Présence physique obligatoire? Mon oeil…

Eussé-je été plus sensible aux sirènes du marketing, je me serais rendu à San Francisco cette semaine, voire à Mountain View la semaine dernière, et j’aurais perdu beaucoup de temps.

À Mountain View, c’était Google qui rendait public le bêta de Chrome, ce fureteur dont je vous ai parlé vendredi dernier, et à San Francisco, c’était Apple qui recevait la presse à une présentation d’étape appelée « Let’s Rock ». Si vous le voulez bien, analysons ce dernier événement du point de vue logistique.

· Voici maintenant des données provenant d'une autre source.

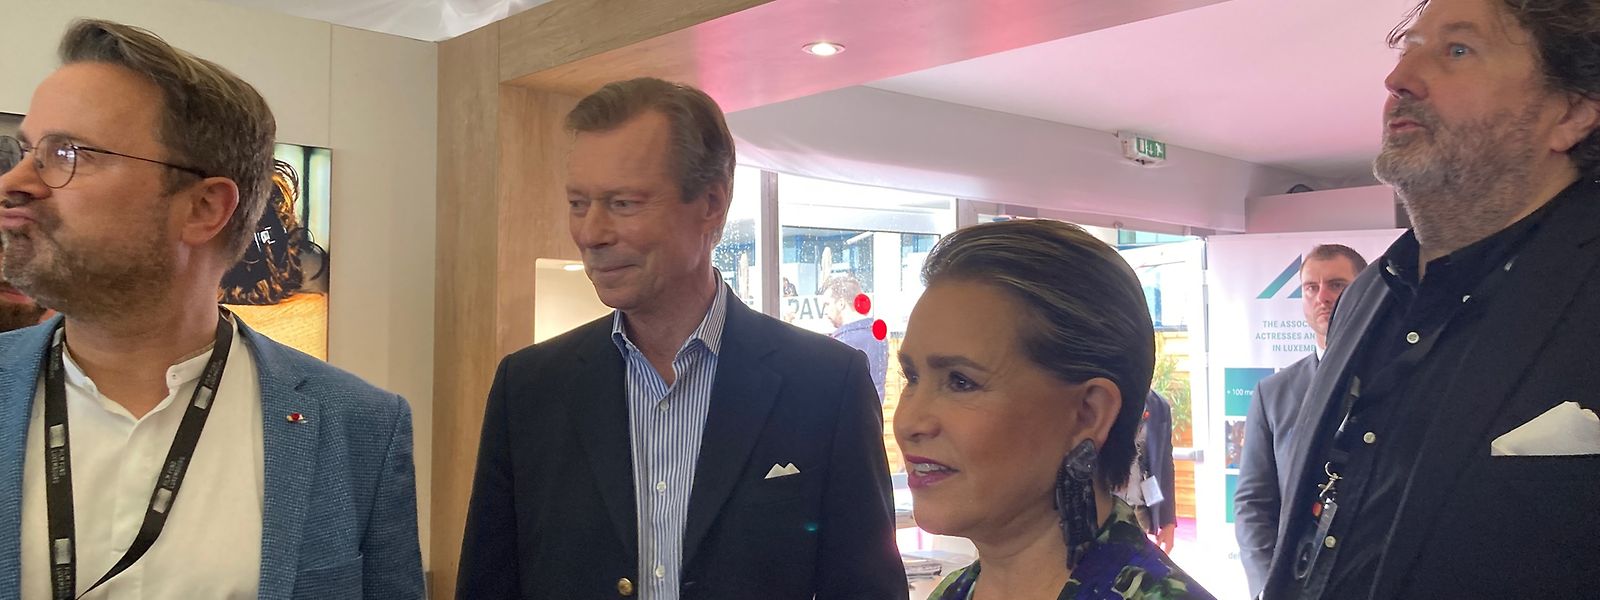 Premierminister Xavier Bettel (links), das großherzogliche Paar und Guy Daleiden zu Gast im luxemburgischen Pavillon in Cannes.

« Let’s Rock » a permis au PDG d’Apple, Steve Jobs, de présenter quelques produits de détente, de vanter la réussite de ses boutiques Apple et de lancer iTunes 8, une version de ce lecteur audiovisuel qui est mieux intégrée au iTunes Music Store. Le tout a duré une heure et s’est déroulé au Yerba Buena Center for the Arts, ce centre culturel haut de gamme situé juste à côté du célébrissime Centre de congrès Moscone, en plein cœur de la légendaire citée de la côte ouest.

Une question de temps

Pour m’y rendre, il m’aurait d’abord fallu voyager lundi et mercredi. Selon le billet que l’on m’aurait déniché, soit un vol direct, soit un vol via Toronto, Pittsburgh, Philadelphie ou New York, le pot de cornichons m’aurait enfermé entre 5 et 8 heures, à l’aller, et autant, au retour. Imaginons un total de treize heures. Mais avant de pouvoir m’entasser dans un Airbus ou un Boeing, il m’aurait fallu prévoir au moins deux heures de queue et d’attente à Dorval et autant à San Francisco, ce qui totalise, disons, quatre heures. En outre, comme j’habite à une heure d’autoroute, d’autoroute non congestionnée s’entend, de YUL (l’aéroport Trudeau) et que le SFO (celui de San Francisco) est, normalement, à 20 minutes des hôtels proches du Moscone, il faut ajouter au moins trois heures de voiturage. Je vous parle donc de vingt heures, un chiffre qui me semble assez réaliste, soit dix heures le lundi et dix heures le mercredi.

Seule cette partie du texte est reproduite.